Class: matlab.compiler.mlspark.RDD
Package: matlab.compiler.mlspark

Return threshold of unique keys that can be stored before spilling to disk

Syntax

result = keyLimit(obj)

Description

result = keyLimit(obj) returns the threshold of unique keys in obj that can be stored in memory before spilling to disk.

Input Arguments

expand all

An input RDD, specified as an RDD object.

Output Arguments

expand all

Threshold of unique keys that can be stored before spilling to disk, returned as a scalar value.

Examples

expand all

Use the keyLimit method to return the threshold of unique keys that can be stored in a containers.Map object that specifies Spark™ properties.
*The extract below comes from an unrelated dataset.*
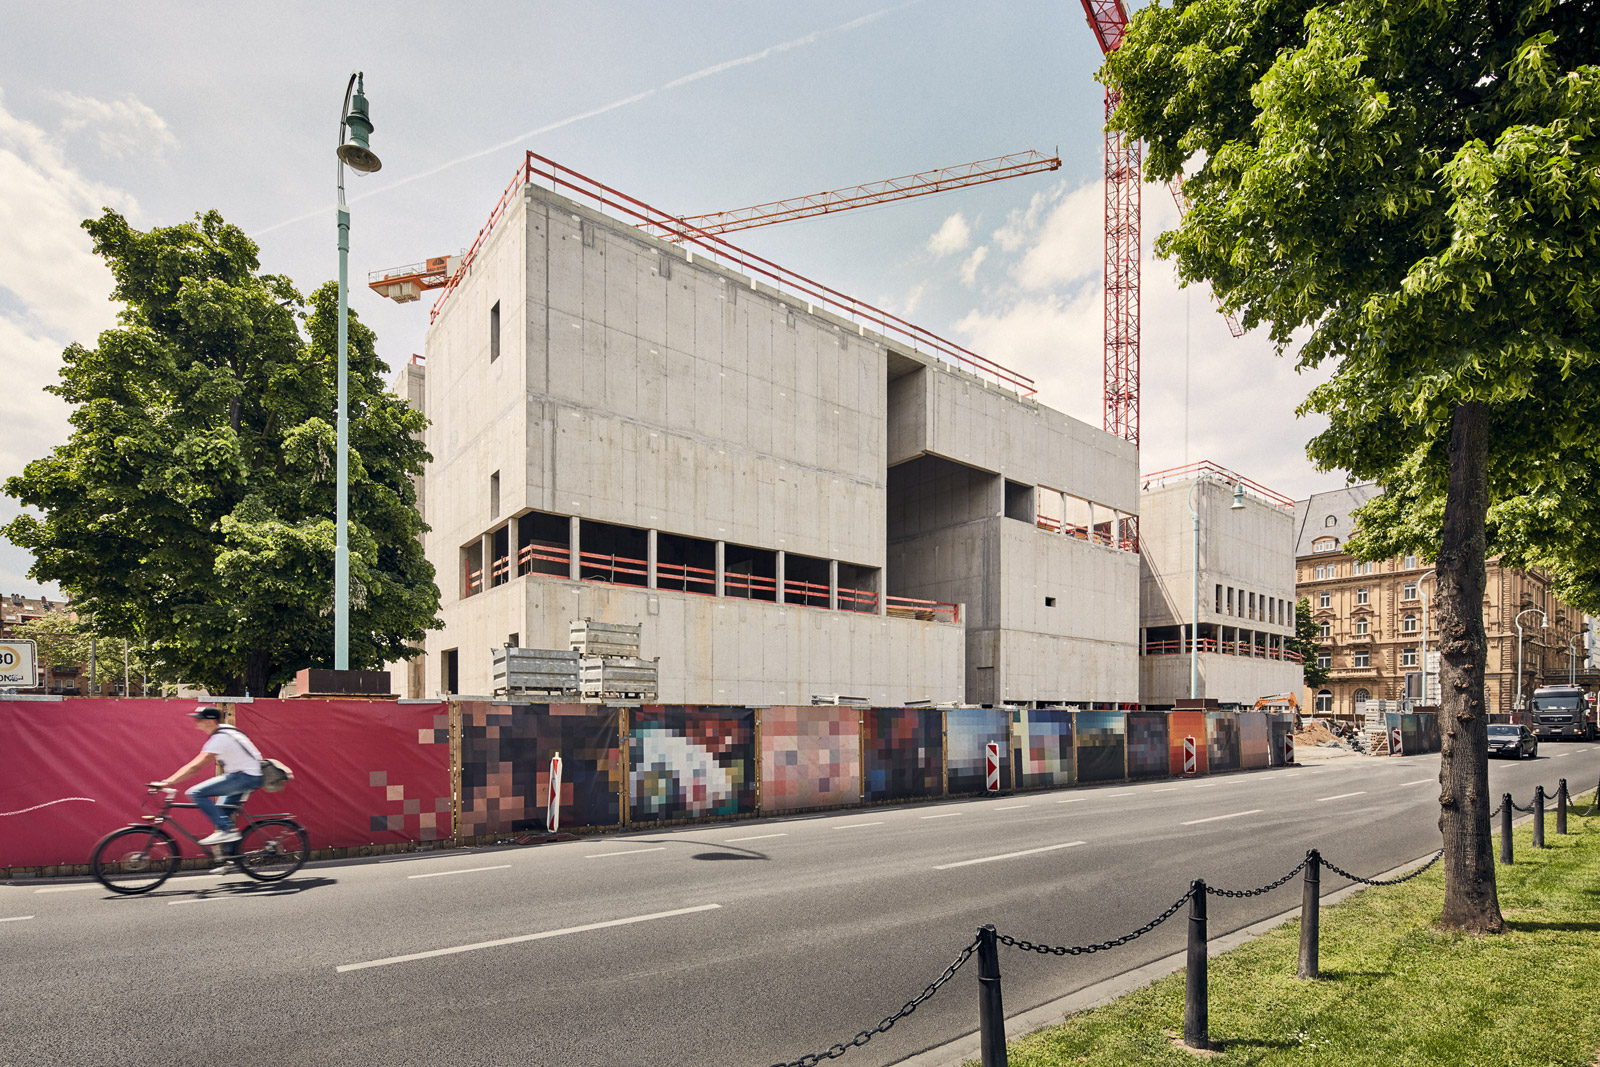  Vorderseite, Friedrichsplatz  2016–05–20       

Keys that breach the threshold are spilled to disk.

%% Connect to Spark
% Change number of keys from a default threshold of 10,000 to 500
sparkProp = containers.Map( ...
    {'spark.executor.cores',...
    'spark.executor.memory',...
    'spark.executor.instances',...
    'spark.matlab.worker.numOfKeys', ...
    }, ...
    {'1',...
    '2g',...
    '1', ...
    '500'});
conf = matlab.compiler.mlspark.SparkConf('AppName','myApp', ...
                        'Master','local[1]','SparkProperties',sparkProp);
sc = matlab.compiler.mlspark.SparkContext(conf);

%% keyLimit
x = sc.parallelize({1,2,3});
x.keyLimit % ans: 500

See Also

Introduced in R2016b